Photography Julian Kingma

The inspiration for Yoga 213

The start of 2012 wasn’t great for Veall. She was in LA, where she had moved to be an actress, but she was unhappy. When a friend asked if she wanted to try a hip-hop yoga class, her life changed.

“Right after the class I felt happy again. Doing a vinyasa flow sequence to music by artists like The Notorious B.I.G, Kanye West and Mary J Blige really worked for me. Hip-hop has so much soul and I thought ‘I have to come back and keep doing this’.”

Veall signed up for a teacher training at the studio starting the next day and showed up every day, twice a day for the next three months. She quit her acting dream and left LA, signing up for 200 hours of further yoga teaching training in Bali on her way back to Melbourne.

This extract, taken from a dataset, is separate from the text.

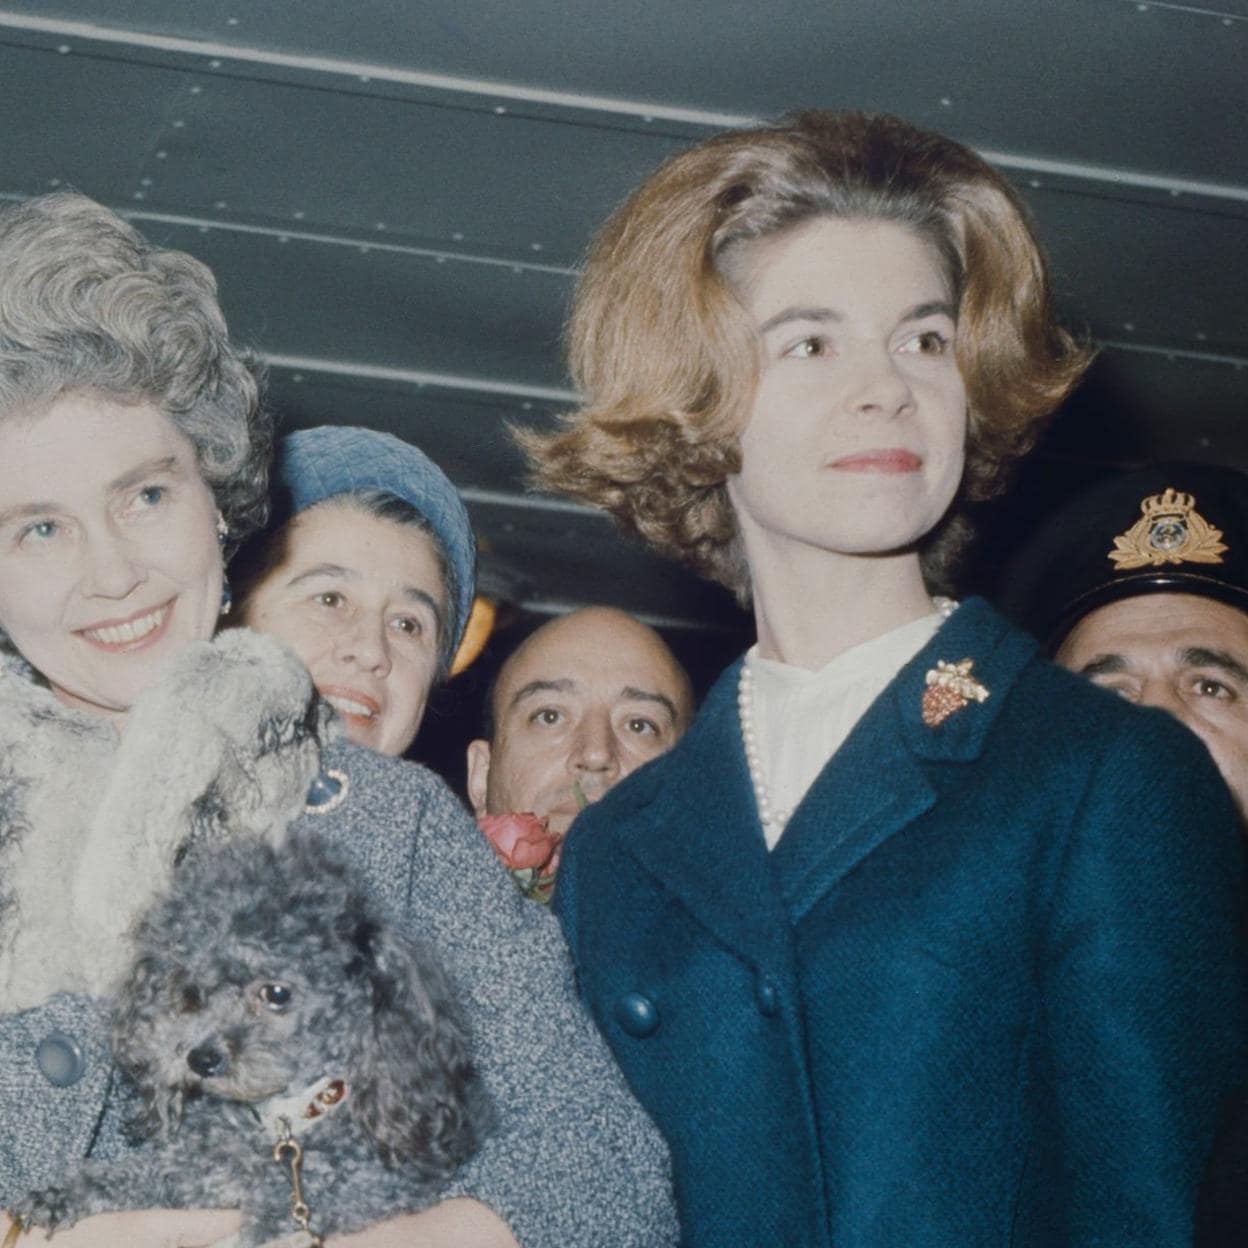 La princesa Irene de Grecia y Dinamarca, fotografiada junto a su madre, Federica de Grecia, en 1964. /getty images
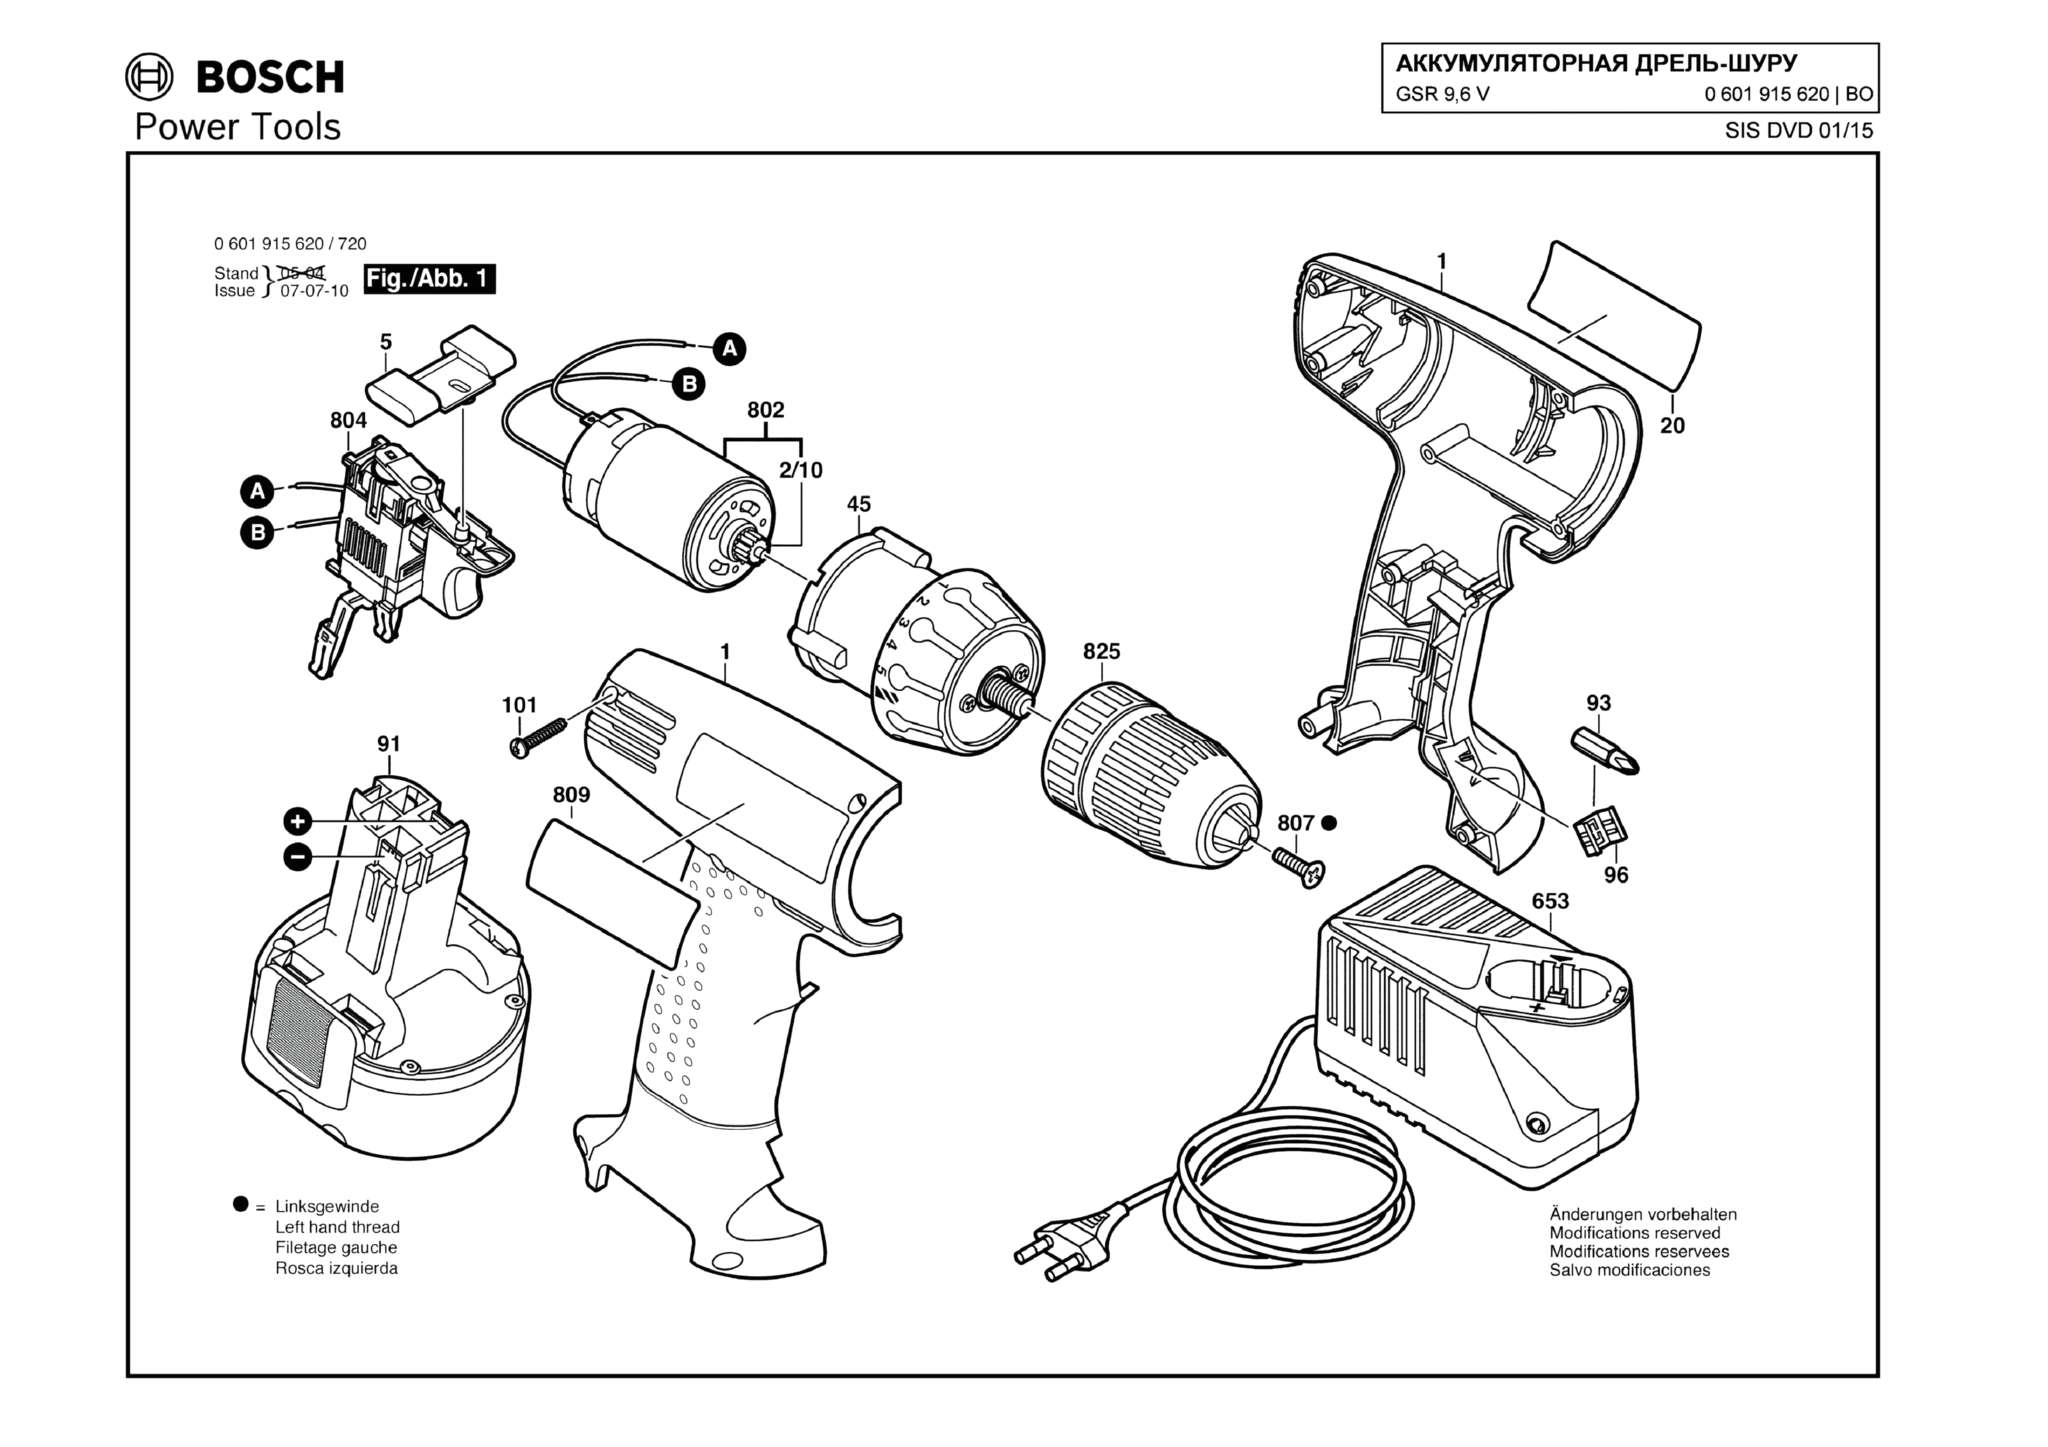 Запчасти, схема и деталировка Bosch GSR 9,6 V (ТИП 0601915620)

As well as sparking her desire to bring the classes back to Australia, Veall also found that yoga helped her to heal, both physically and emotionally from the scars of an accident at a party she went to when she was 21 that left her with third-degree burns to 35 per cent of her body.


Starting up Yoga213

On her laptop in Bali, Veall wrote up a PowerPoint business plan to open a yoga studio in Melbourne, then sent it to her family. “My sister used to have a fashion label and I wanted to see their reactions, to see if I was mad for doing this or not! But they said, Sammy, this is actually good.”

Taking out a loan from her dad, enlisting the help of her sister to help with setting up, and getting her designer boyfriend to create her logo and website, Veall began scouting for a studio and opened up in South Yarra in March 2013.

“We recently opened up a studio in Bondi, too, and are considering a second one for Melbourne. We initially got the word out through street posters and letterbox drop flyers. Then a month after opening we got into [online city guide] Broadsheet; 50 people turned up and it went from there.”


Lessons in success

• Be active on Instagram. “I feel it has a bigger pull than Facebook right now, but that also has pull too. I post photos of the studio, hip-hop icons, healthy images that make me happy.”

• Don’t think too much. “Trying to be the boss on site when I look like a 12-year-old girl is sometimes difficult but I’ve just got to do it. I don’t think about it as much any more; throw yourself in and the experience will come.”

• Factor in council permits. “If you’re opening a physical place of business, there are a lot of permits needing council approval that can take a long time. Do these first. We lost three months when we were ready to open, just waiting for permits.”

What I wish all women knew…

“Food isn’t your enemy. If you’re trying to be healthy and slip up and eat a block of chocolate, don’t feel guilty about it, just move on. The guilt is worse for you than the chocolate.”